TASK: An exact reproduction of all the data is needed, with no images in it.

MATERIAL PROVIDED:
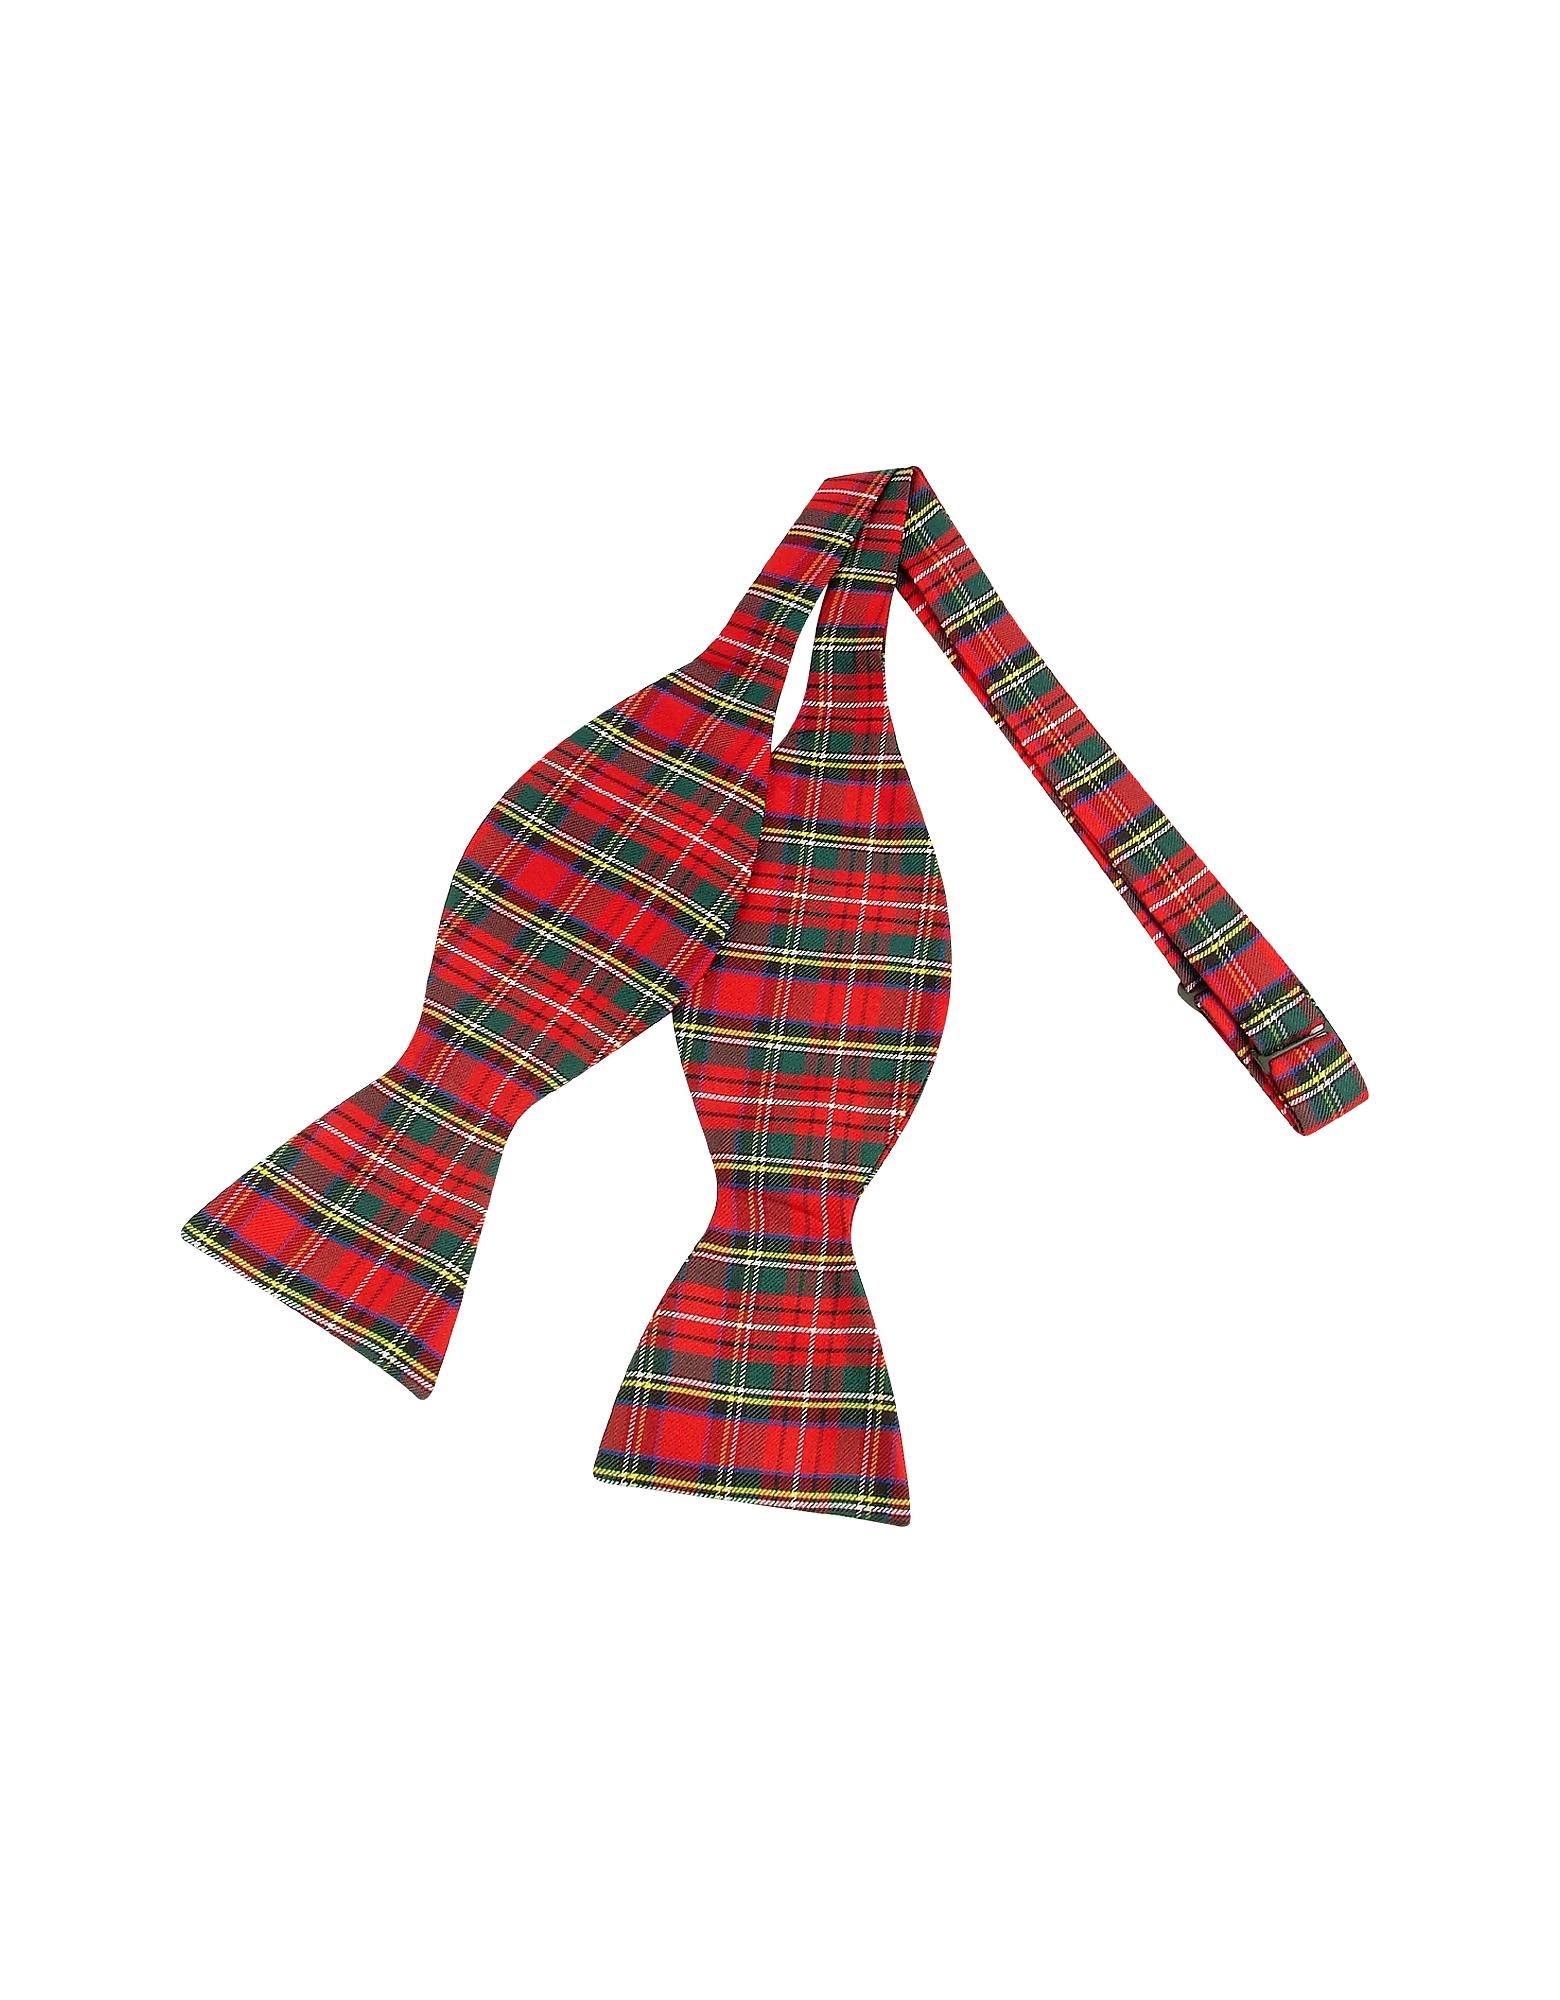 Forzieri Bowties and Cummerbunds, Red & Green Plaid Printed Silk Self-tie Bowtie
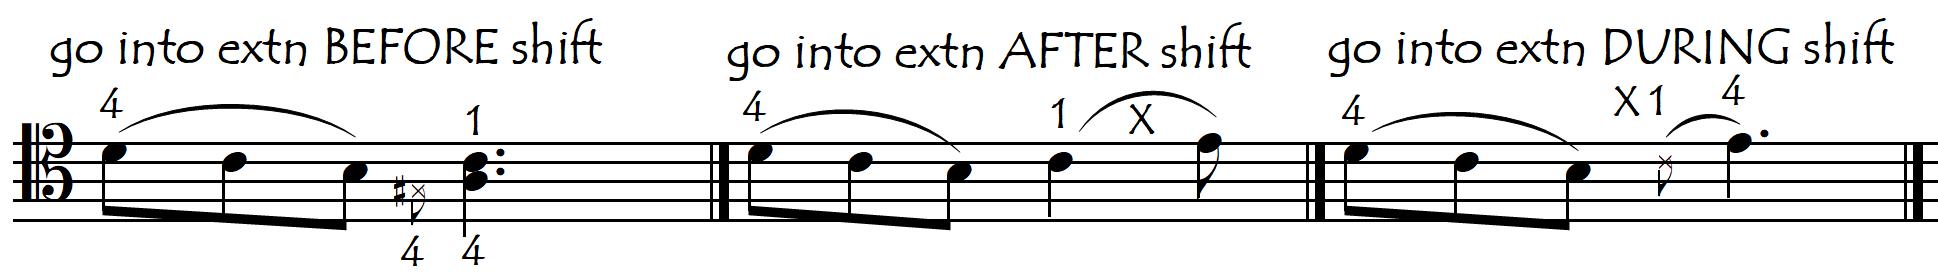 shift non to extd 3 ways new
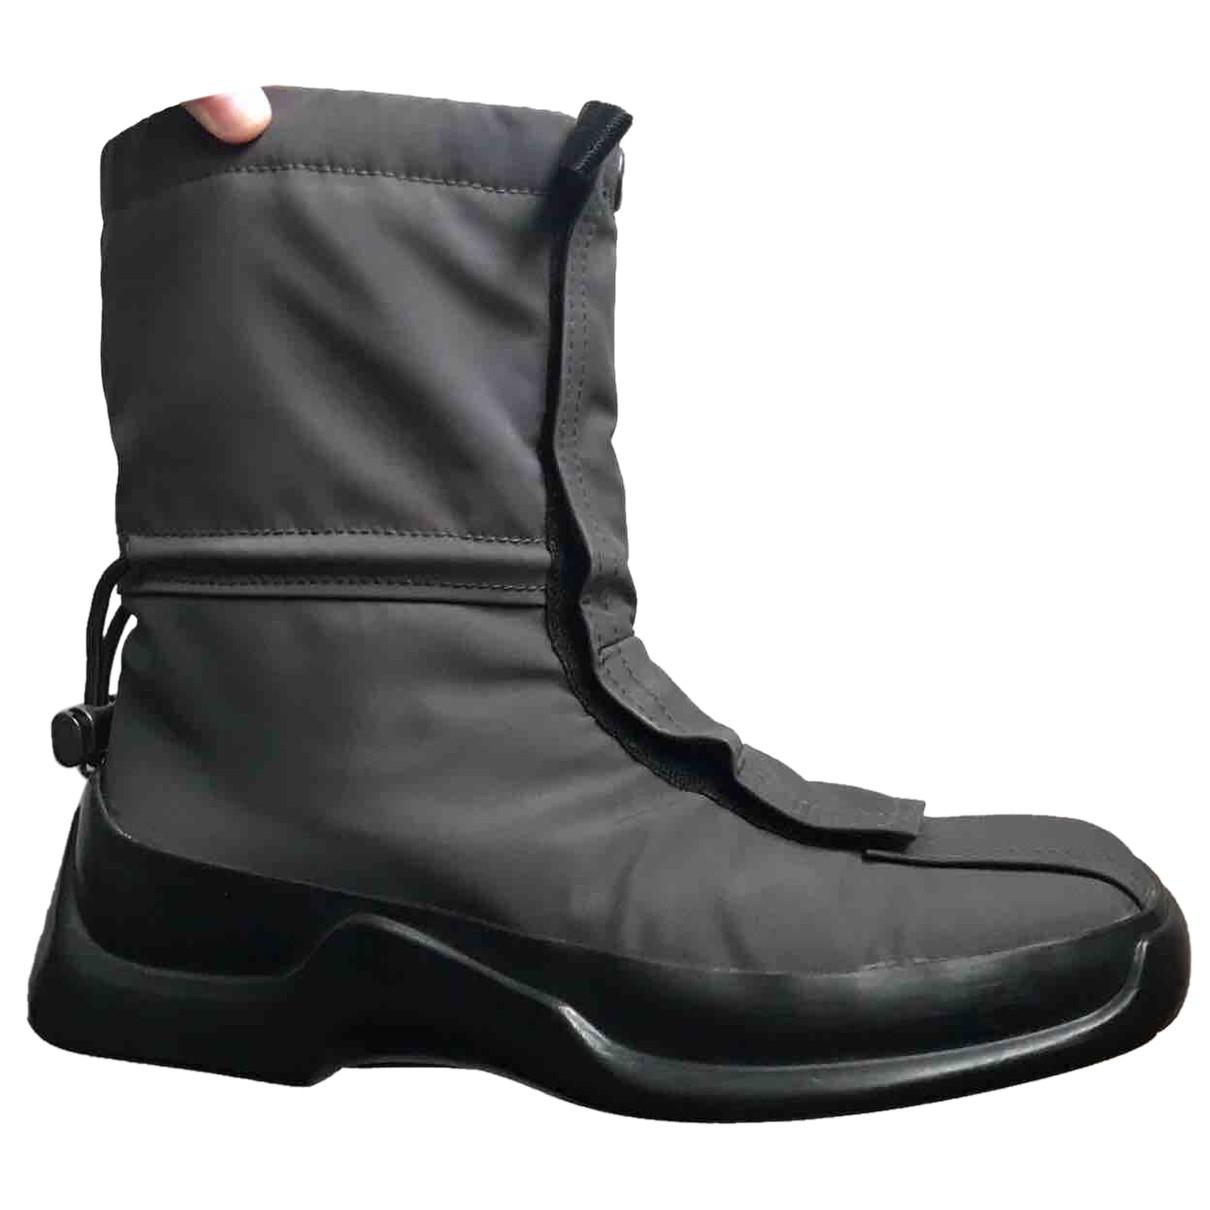 Prada N Black Cloth Boots for Women 38 EU

SOLUTION BELOW:
 Forzieri Bowties and Cummerbunds, Red & Green Plaid Printed Silk Self-tie Bowtie
 shift non to extd 3 ways new
 Prada N Black Cloth Boots for Women 38 EU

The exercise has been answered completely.